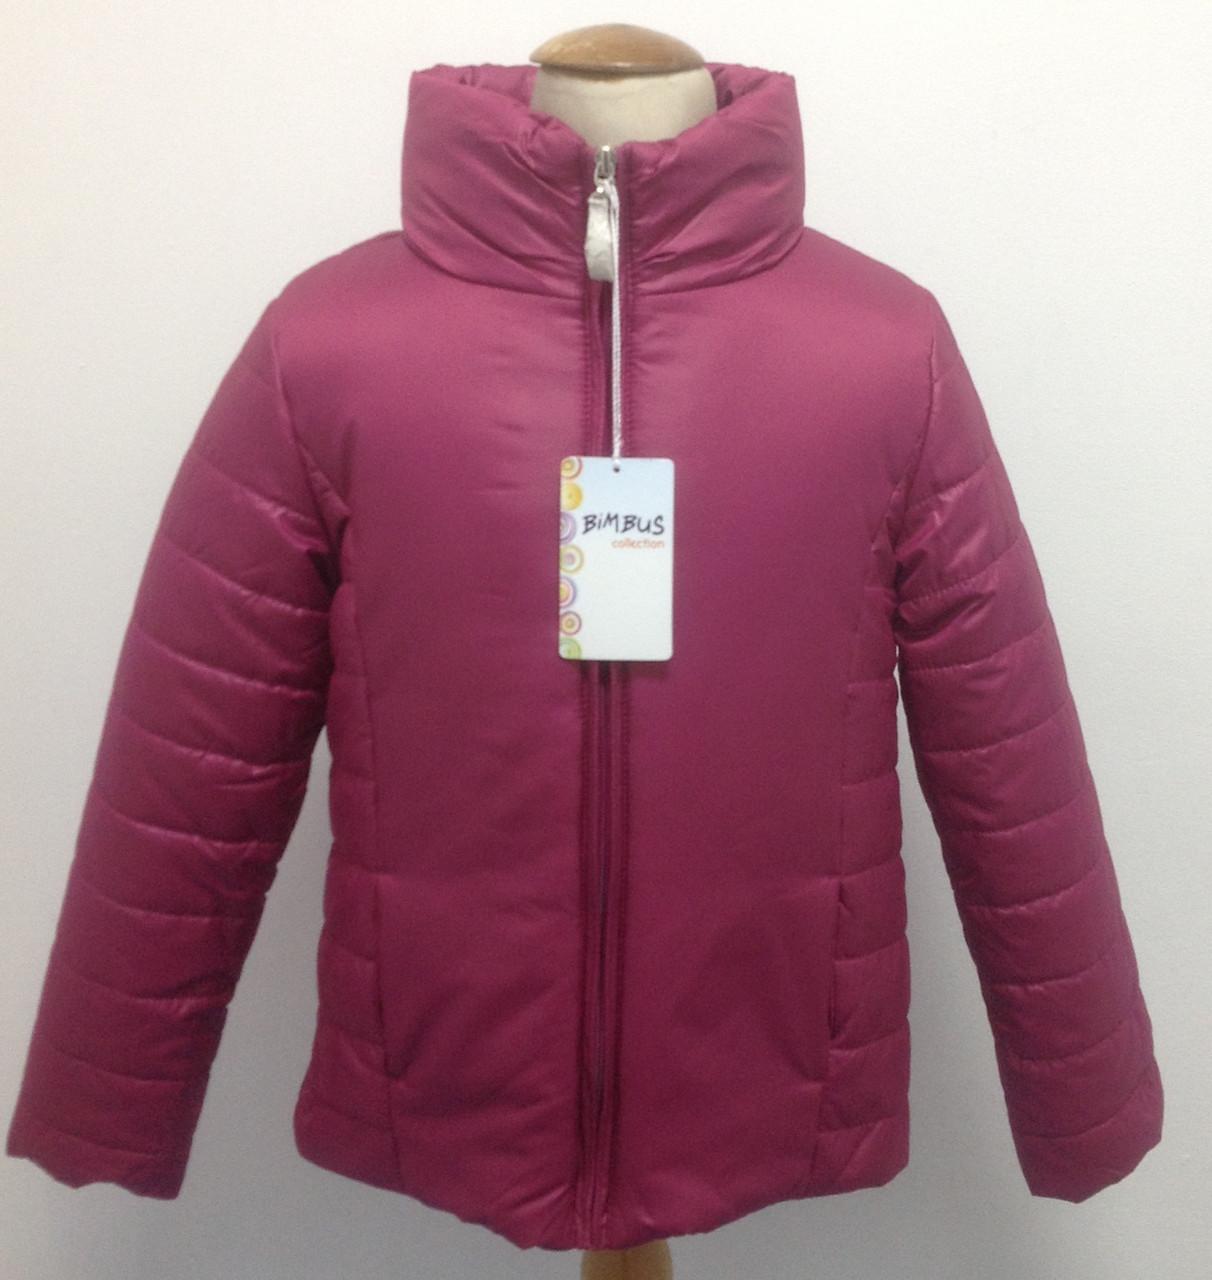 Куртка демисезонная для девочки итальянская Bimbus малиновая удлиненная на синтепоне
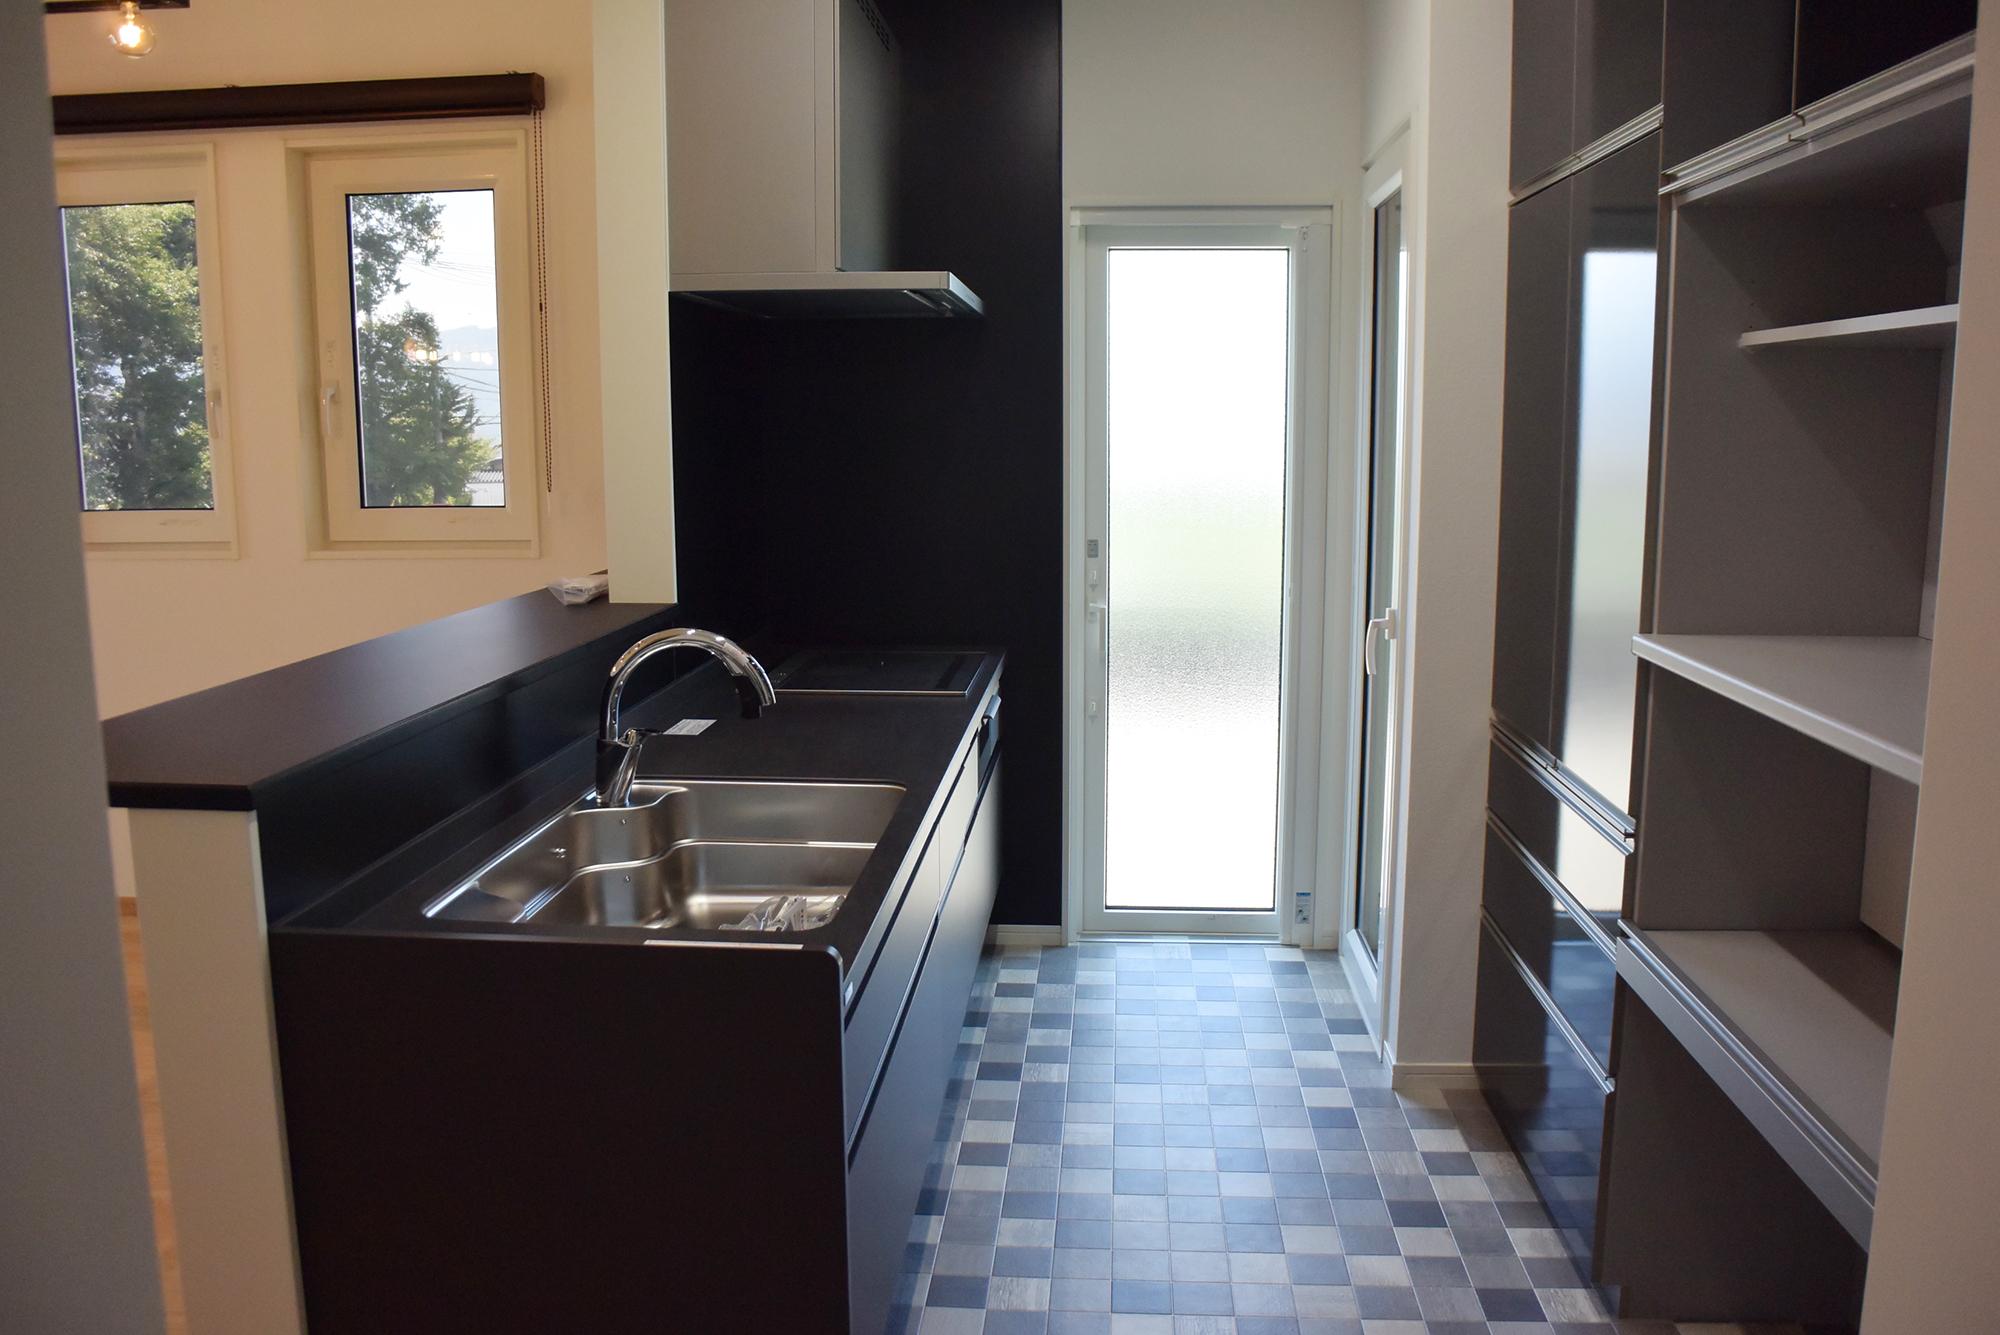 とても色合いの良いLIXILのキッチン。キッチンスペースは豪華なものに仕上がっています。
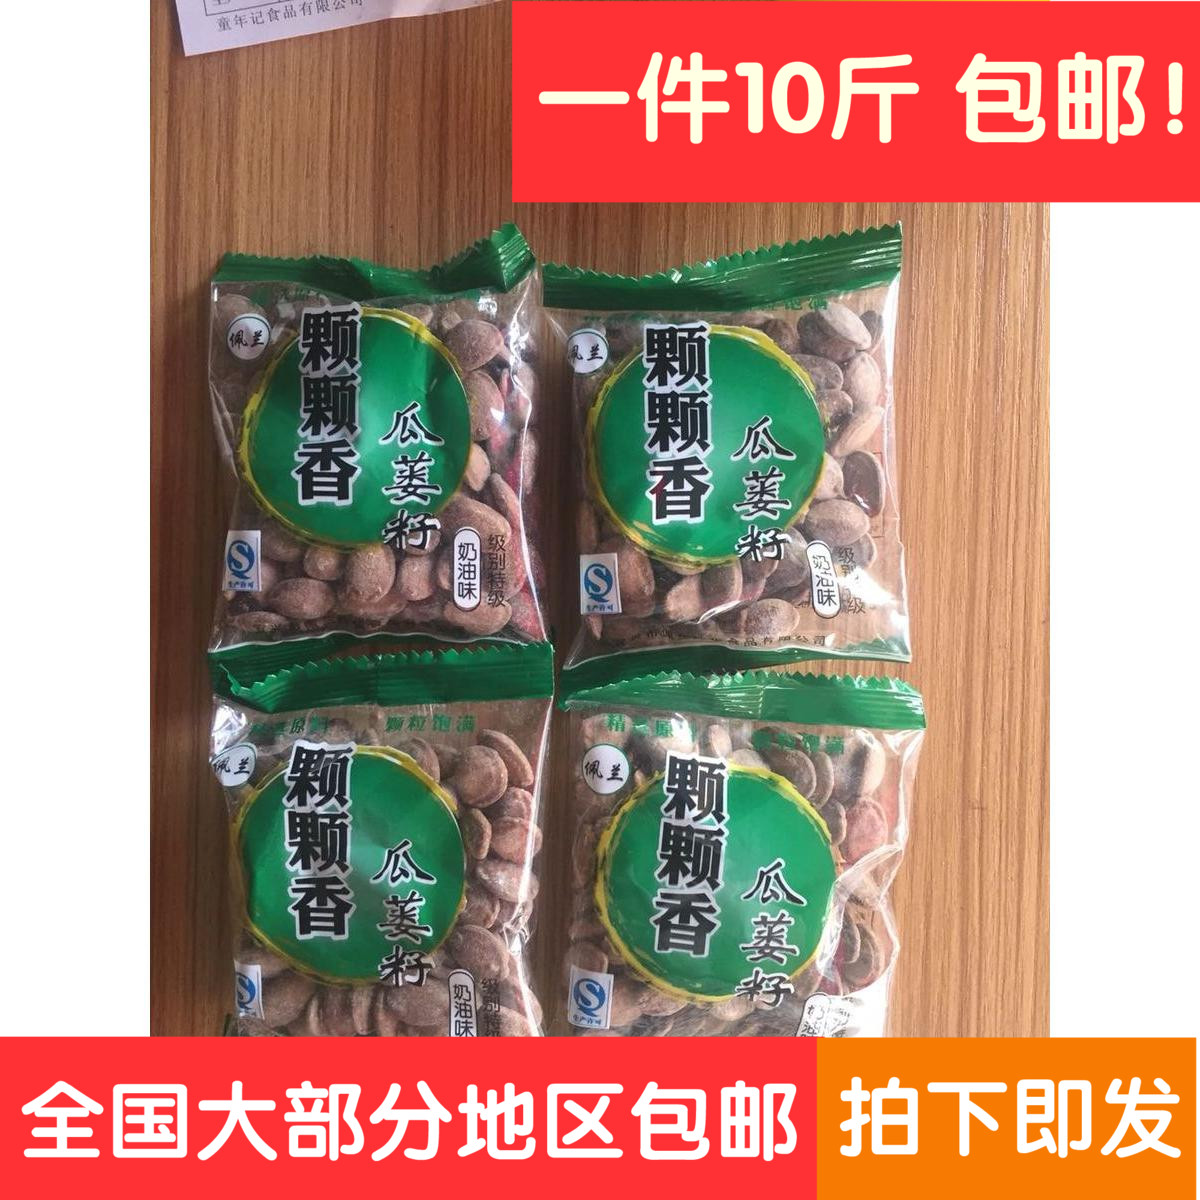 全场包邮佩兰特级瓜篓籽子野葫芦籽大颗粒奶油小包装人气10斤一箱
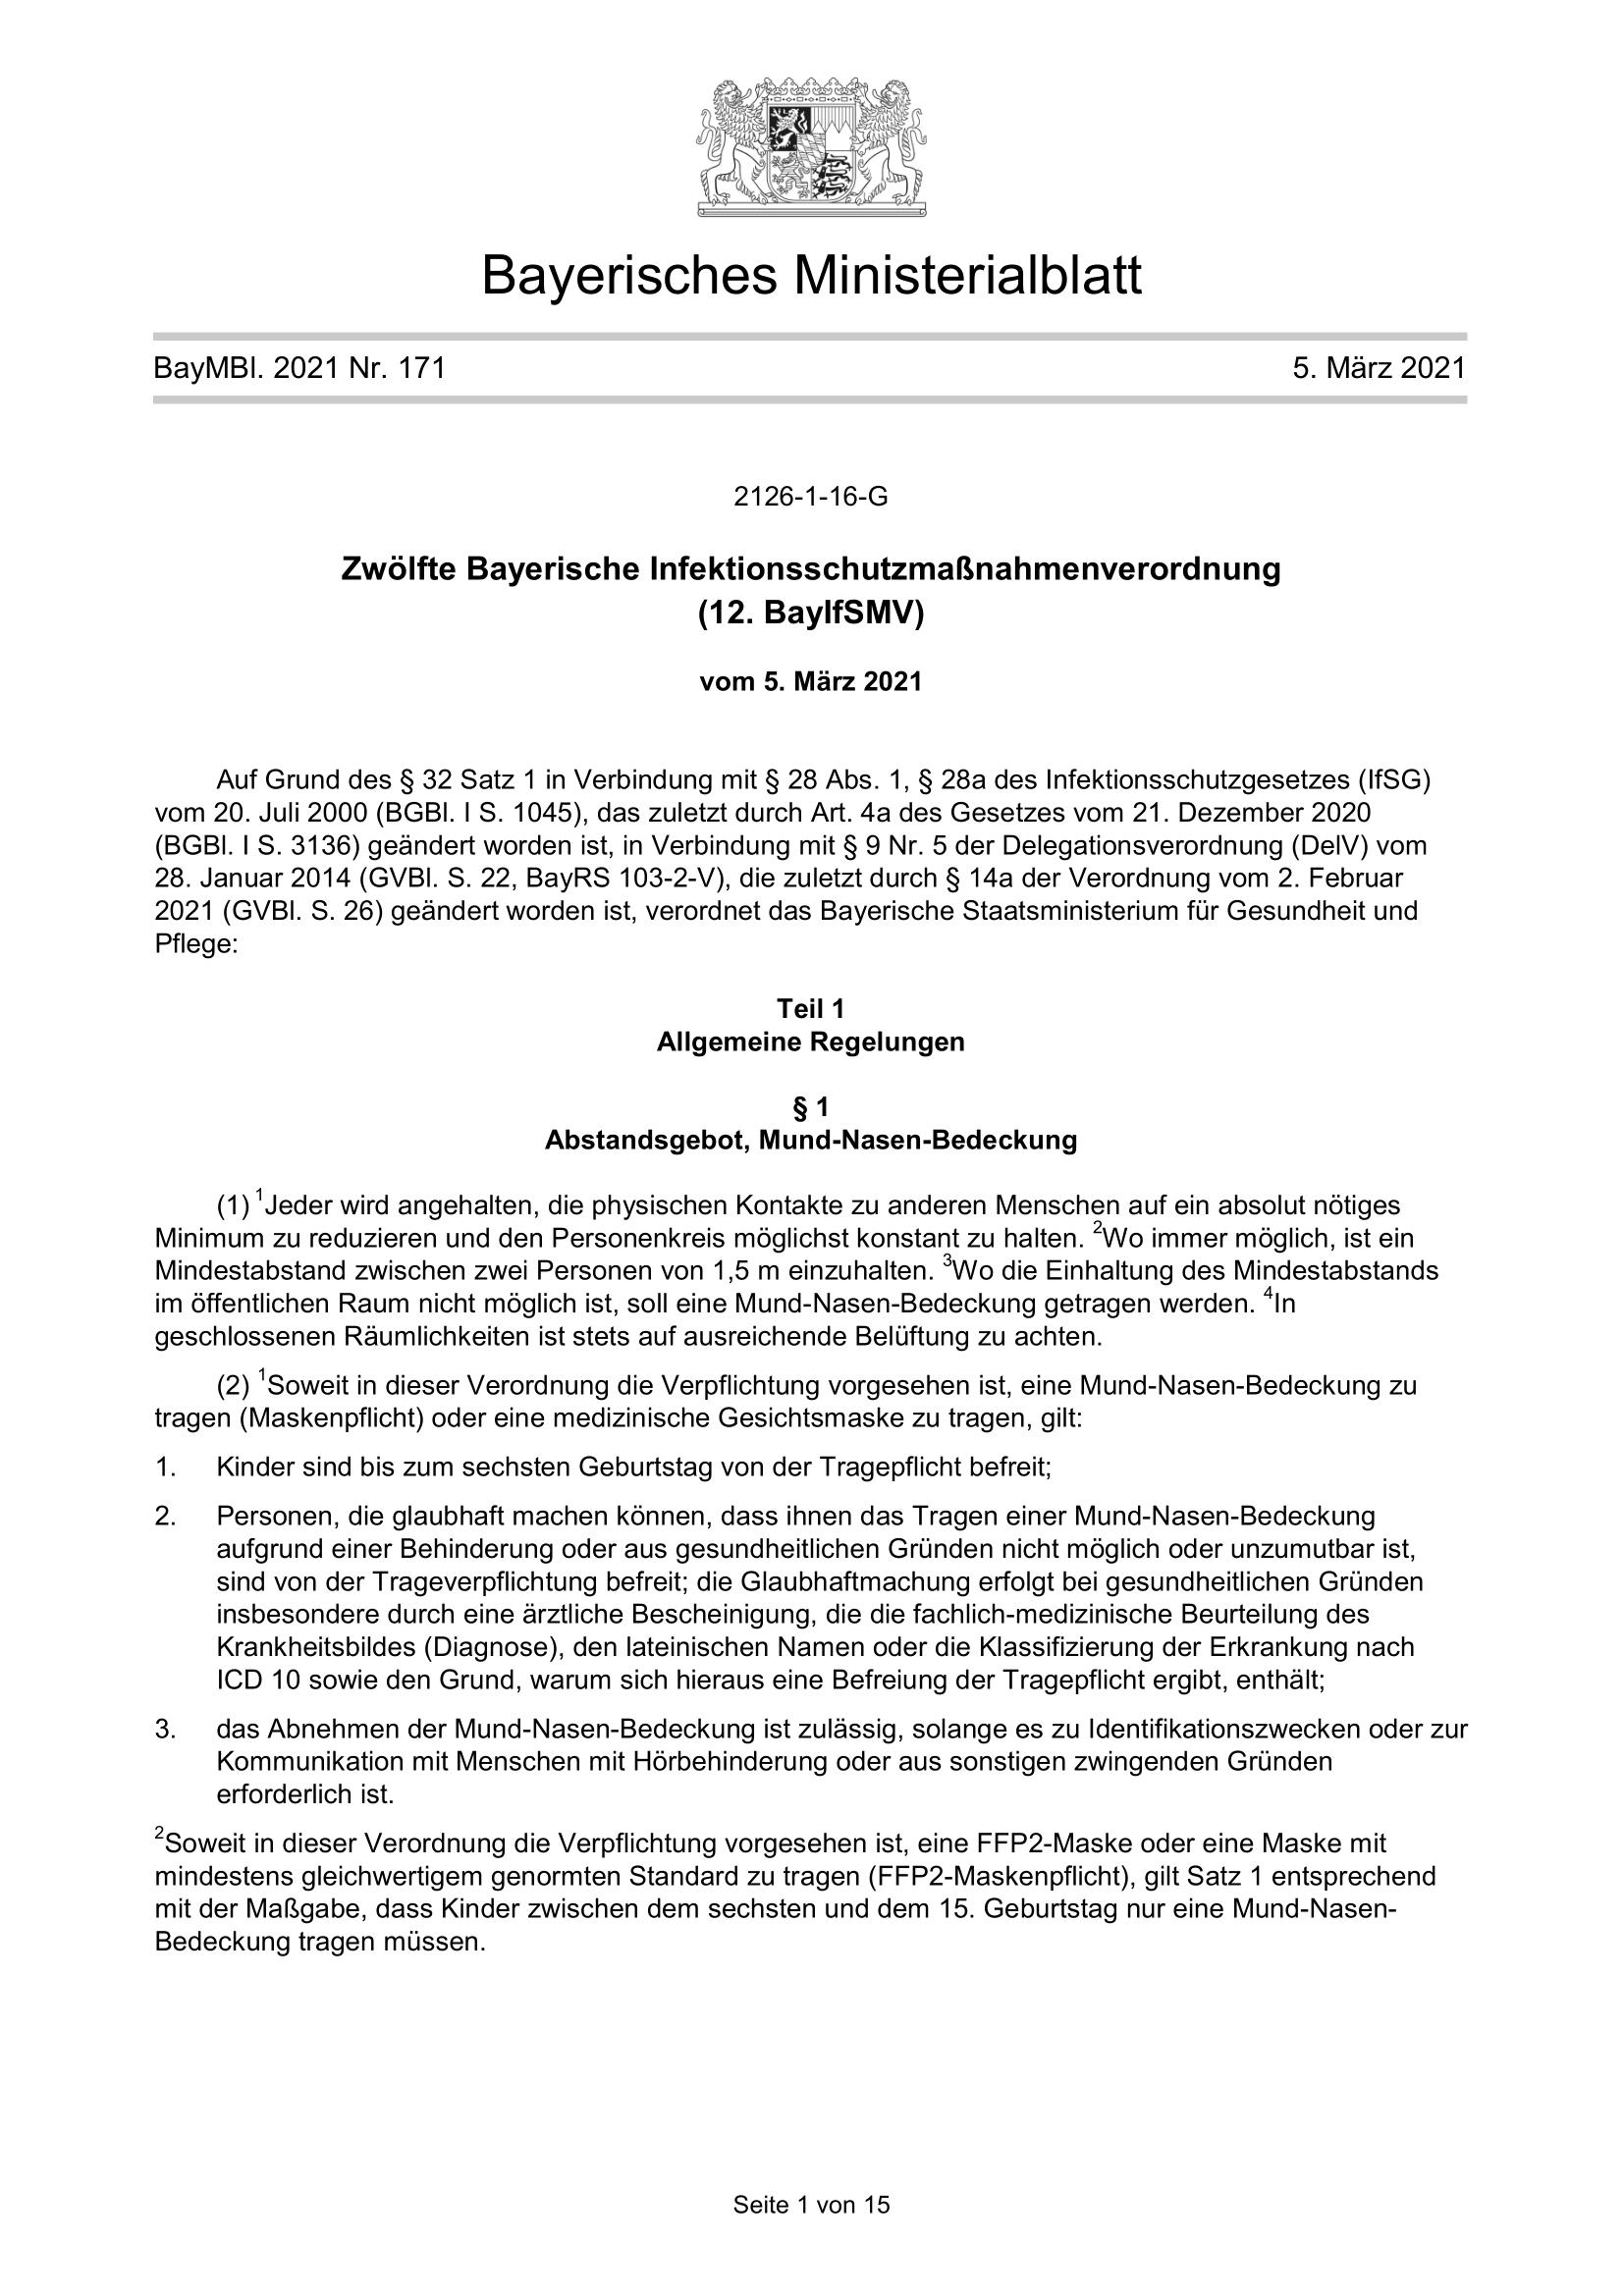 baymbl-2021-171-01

--- --- ---

— PROBLEM —
Print only the lines from the one with "全场包邮佩兰特级瓜篓籽子野葫芦籽大颗粒奶油小包装人气10斤一箱" through the last line of the data above, exactly and with both ends, and please omit any pictures.

— RESPONSE AREA —
 全场包邮佩兰特级瓜篓籽子野葫芦籽大颗粒奶油小包装人气10斤一箱
 baymbl-2021-171-01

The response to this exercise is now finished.